A análise das demonstrações financeiras podem revelar indícios de lavagem de dinheiro nas entidades, o que pode se consubstanciar, por exemplo, no aumento repentino do capital social sem justificativa plausível.

Enquanto determinadas jurisdições exigem que as demonstrações das companhias sejam devidamente auditadas por auditor independente e registradas em órgão competente, outras jurisdições simplesmente não exige que as entidades reguladas elaborem suas demonstrações financeiras, o que dificulta a identificação de práticas de lavagem de dinheiro.

De acordo com a BVI Business Companies Act de 2004, a Companhia deve manter documentos que sejam suficientes para demonstrar e explicar suas transações realizadas, bem como permitam, a qualquer momento, seja determinada a posição financeira da entidade com um grau de precisão razoável.

Neste sentido, transcreve-se a clausula 98 do referido diploma:

“(1) A company shall keep records that

             (a) are sufficient to show and explain the company’s transactions; and

(b) will, at any time, enable the financial position of the company to be determined with reasonable accuracy.

(2) A company that contravenes this section commits an offence and is liable on summary

conviction to a fine of $10,000.” (g.n)

Além disso, a BVI Business Companies Act, em sua clausula 148, traz prescrições de como deve-se proceder à elaboração de Demonstrações Financeiras em Empresas de Carteira Segregada (SPC):

“148. The financial statements of a segregated portfolio company shall take into account the segregated

nature of the company and shall include an explanation of

(a) the nature of the company;

(b) how the segregation of the assets and liabilities of the company impacts upon members

of the company and persons with whom the company transacts; and

(c) the effect that any existing deficit in the assets of one or more segregated portfolios of the company has on the general assets of the company.” (g.n.)

Note-se que a Companies Act apesar de prescrever, em sua clausula 98, a obrigatoriedade de manter-se em disponibilidade documentos que comprovem a posição financeira e as transações efetuadas pela Empresa, não menciona expressamente a forma a ser adotada em tal documentação, utilizando-se da expressão demonstrações financeiras somente em sua clausula 148, no que tange às Empresas de Carteira Segregada (SPC).

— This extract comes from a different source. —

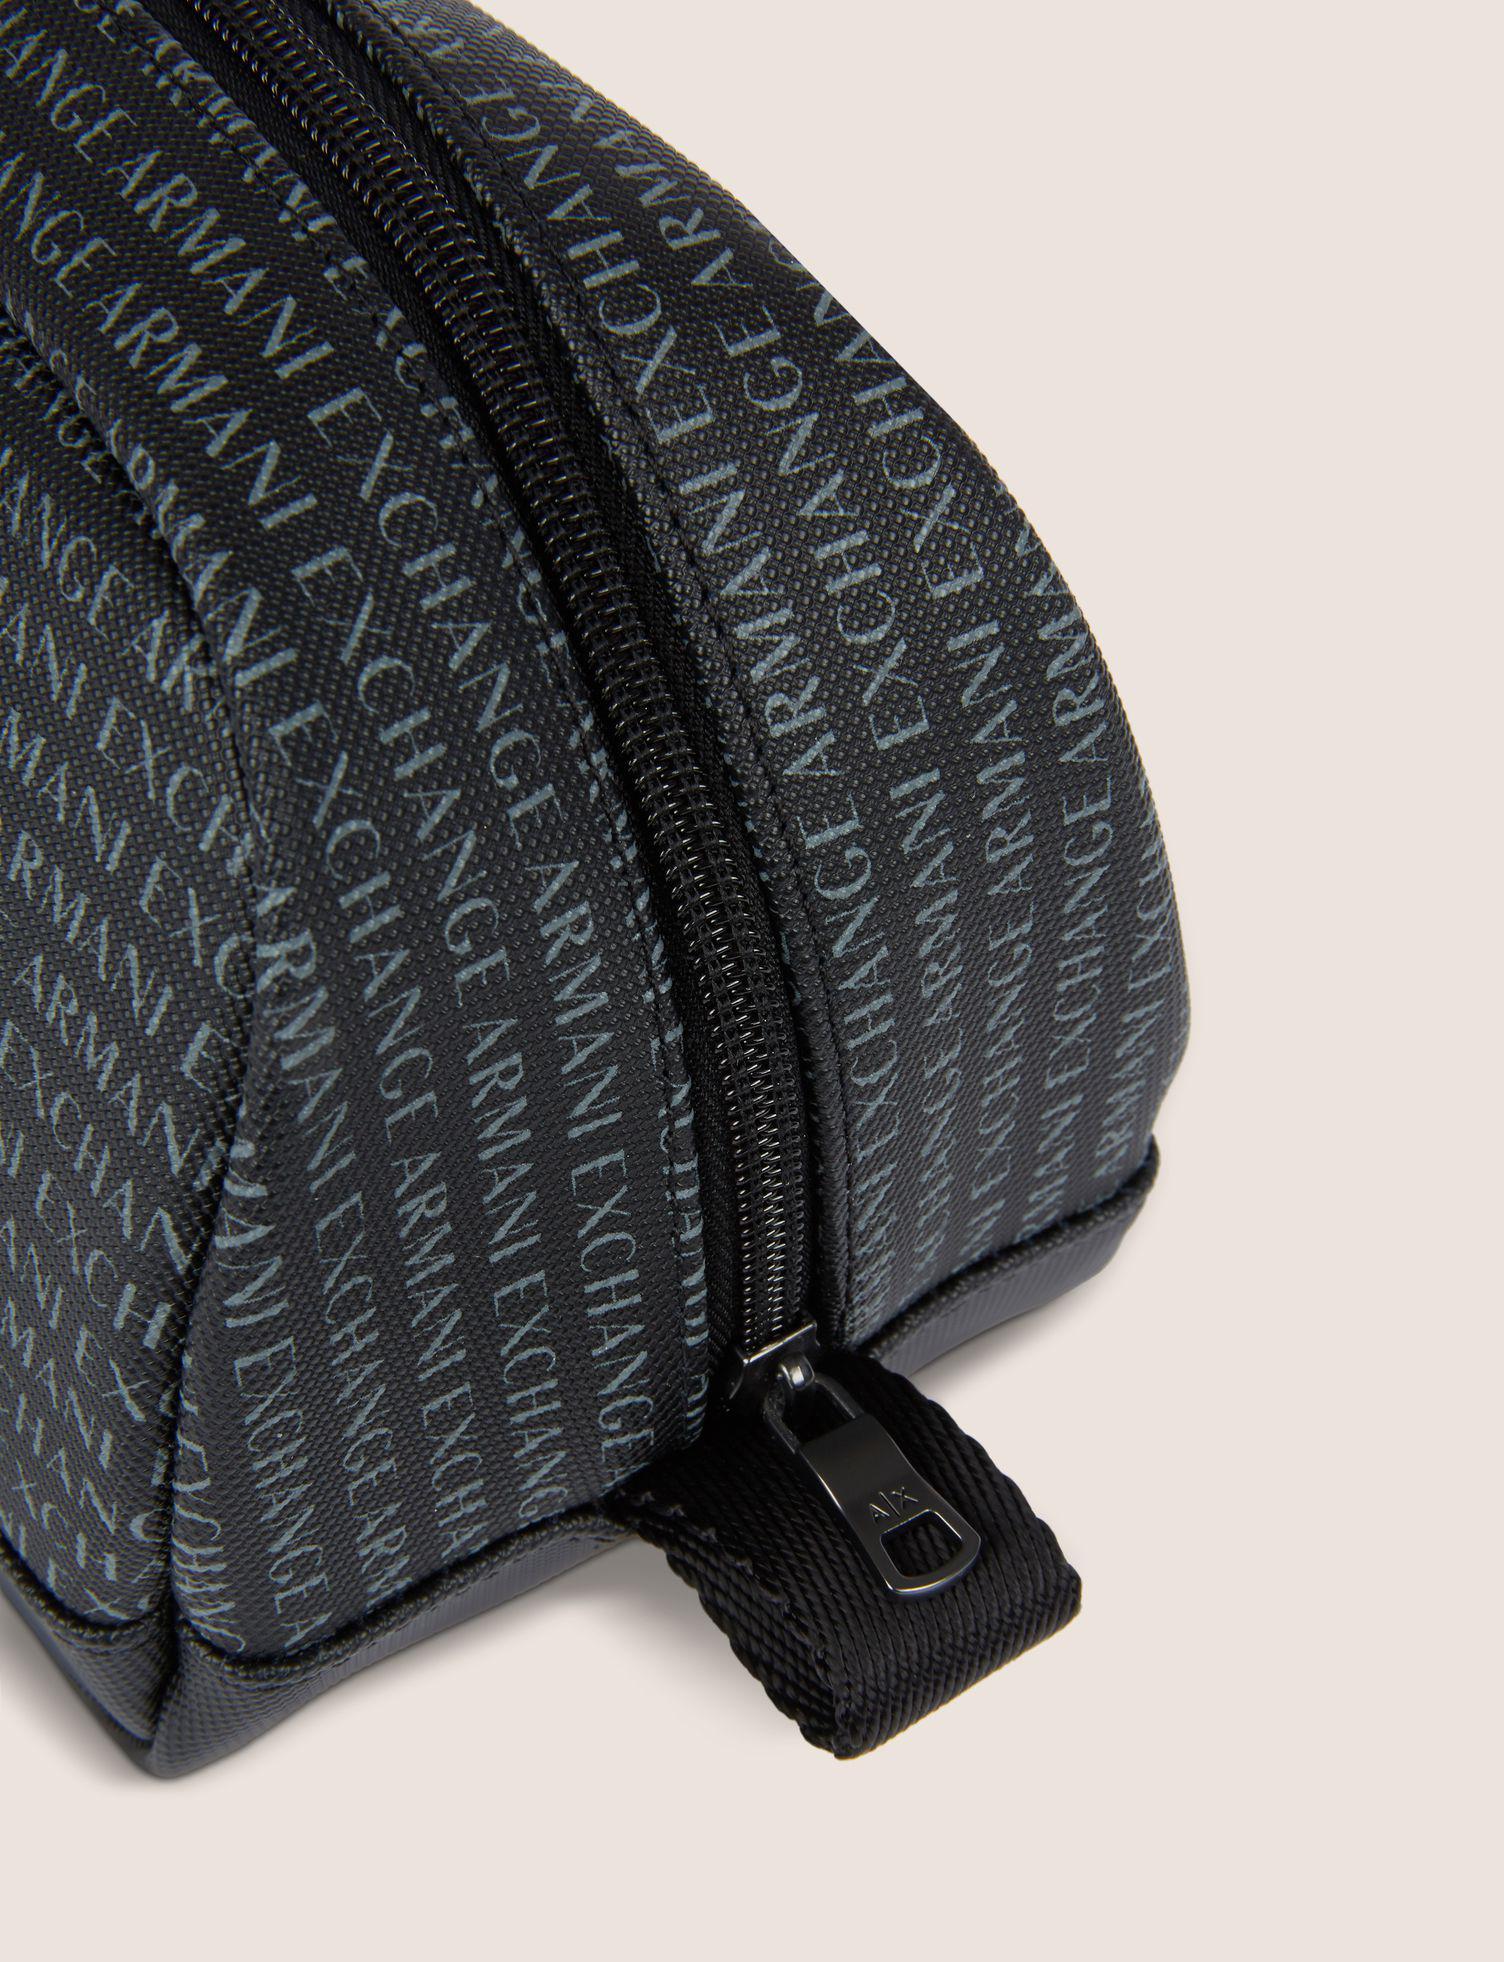 e618a498d8b Lyst - Armani Exchange Allover Logo Dopp Kit in Black for Men

                                                 


8. Considerações finais

Com o levantamento da legislação das Ilhas Virgens Britânicas envolvendo combate à lavagem de dinheiro (AML/CTF), bem como análise dos relatórios da FAFT, pode-se resumir os principais pontos sobre esta jurisdição da seguinte maneira:

  1. É exigida a identificação do beneficiário final do investimento, ou das pessoas físicas que controlam o veículo, nos casos em que não for possível a identificação de todos os beneficiários finais (companhias abertas, por exemplo);
     
  2. É exigida a nomeação de um Diretor responsável pela fiscalização e atendimento às regras de AML (“Reporting Officer”) e treinamento constante sobre as normas de AML e KYC;

     
  3. Há aplicação integral das recomendações da GAFI;

     
  4. A “Financial Services Commission” (“FSC”) é a instituição responsável pela supervisão / fiscalização dos participantes do mercado e é membro ordinário da IOSCO. Não acordo bilateral de cooperação assinado com a CVM e FSC;
     
  5. Há sanções de ordem civil e administrativa à entidade em caso de descumprimento das normas de AML e também de âmbito criminal aos responsáveis;

     
  6. As pessoas politicamente expostas (“PPE”) devem ser identificadas e, nestes casos, o monitoramento dos investimentos deve ser mais próximo;

     
  7. A atualização dos documentos deve ser constante, mantendo-a sempre atualizada;

     
  8. Os fundos devem contratar por escrito um administrador, que deve ser o responsável pelo cumprimento das normas de AML ou subcontratar empresa especializada para tanto; e

     
  9. Apesar de ainda haver em BVI a possibilidade de constituição de sociedades com ações ao portador, este tipo societário tem sido menos utilizado, em razão de seu alto custo (taxas anuais). De qualquer modo, estas sociedades são obrigadas a manter registros sobre seus sócios, bem como e do mesmo modo os “registered agent”.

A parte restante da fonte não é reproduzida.